Actually this tip applies to any essay for any MBA application, but it’s especially important to do this for the Stanford GSB MBA essay about “What matters most and why?” That’s because that’s typically a longer essay (recommended in the 750-word range by the GSB adcom) and because longer essays sometimes take on a life of their own.
What happens is, they start out in one place, with a particular statement about what matters to you in this crazy and mixed-up world… and they….
But it’s not evolution in the context of adaptation to a positive good, like Darwin and how our species is now walking upright. It’s not about being a better fit to the environment, where we’re good at breathing air and we’ll let those fishes continue breathing in water. Oh no, it’s not evolution like that, in favor of life.
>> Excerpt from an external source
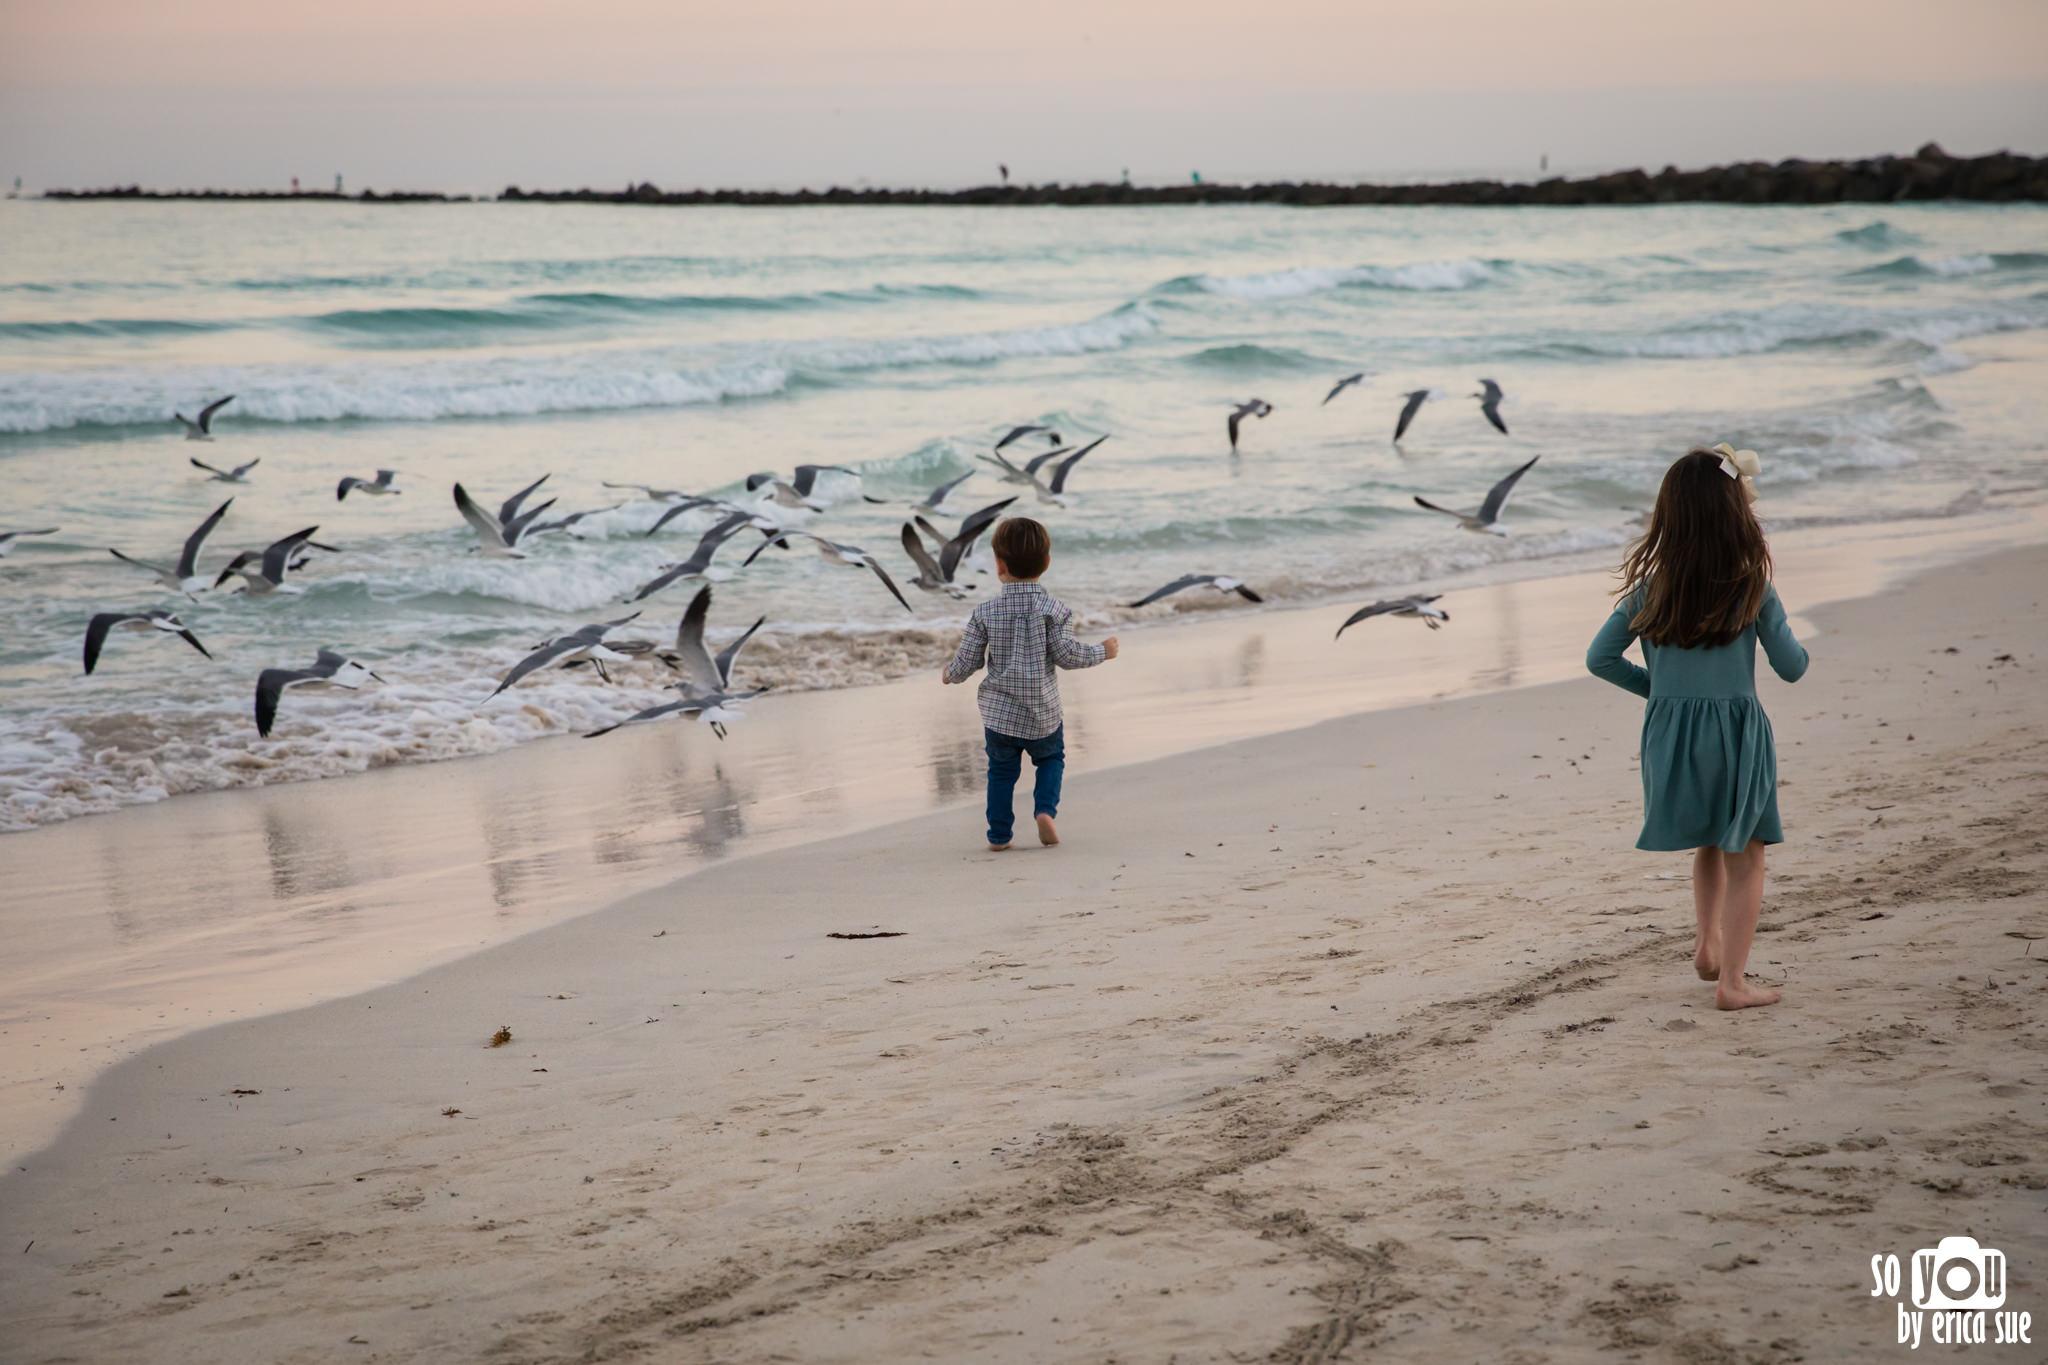 so-you-by-erica-sue-miami-maternity-photographer-south-pointe-park-9565.jpg

Instead, as this beast of a draft, this essay-as-organism wanders down the page, it mutates. It shifts. It undergoes this weird slithery transformation. (Some — not naming names — might even call it a regression.)
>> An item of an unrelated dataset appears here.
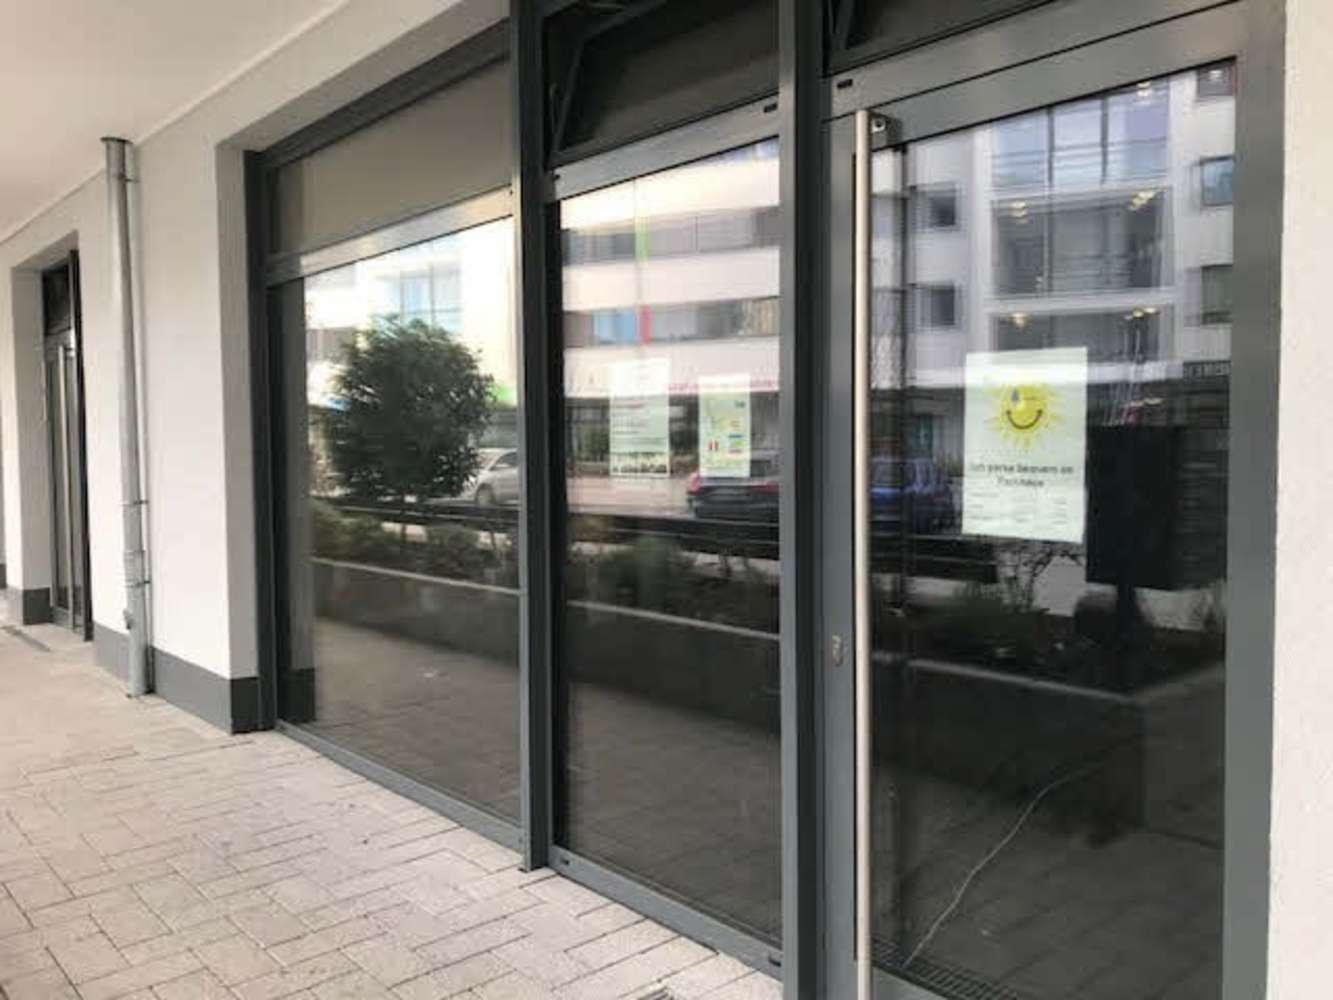 Ladenflächen Hanau, 63450 - Ladenfläche - Hanau - E0883 - 9858573

We’re not sure what kind of dark alchemy you’ve done in your draft, but frequently, by the time we get to the end of it, we’re like, “Whu?”
The ending of your essay bears no resemblance to the beginning.
It’s like one of those hydra monsters, or a Medusa of snakes, each one writhing in its own independent direction.
(Can you tell we’ve been reading too many essays today? The ‘Snark brain is fried. Forgive us our many metaphors.)
Where were we.
The tip for testing your Stanford Essay A is a very easy test for internal consistency.
Read the last paragraph of your essay.
Now go back to the beginning. Read your introduction.
Do they match?
Or did your answer to “What matters most?” wander off into the thicket of confusing ideas somewhere in the middle and get hopelessly lost, never to be heard from again?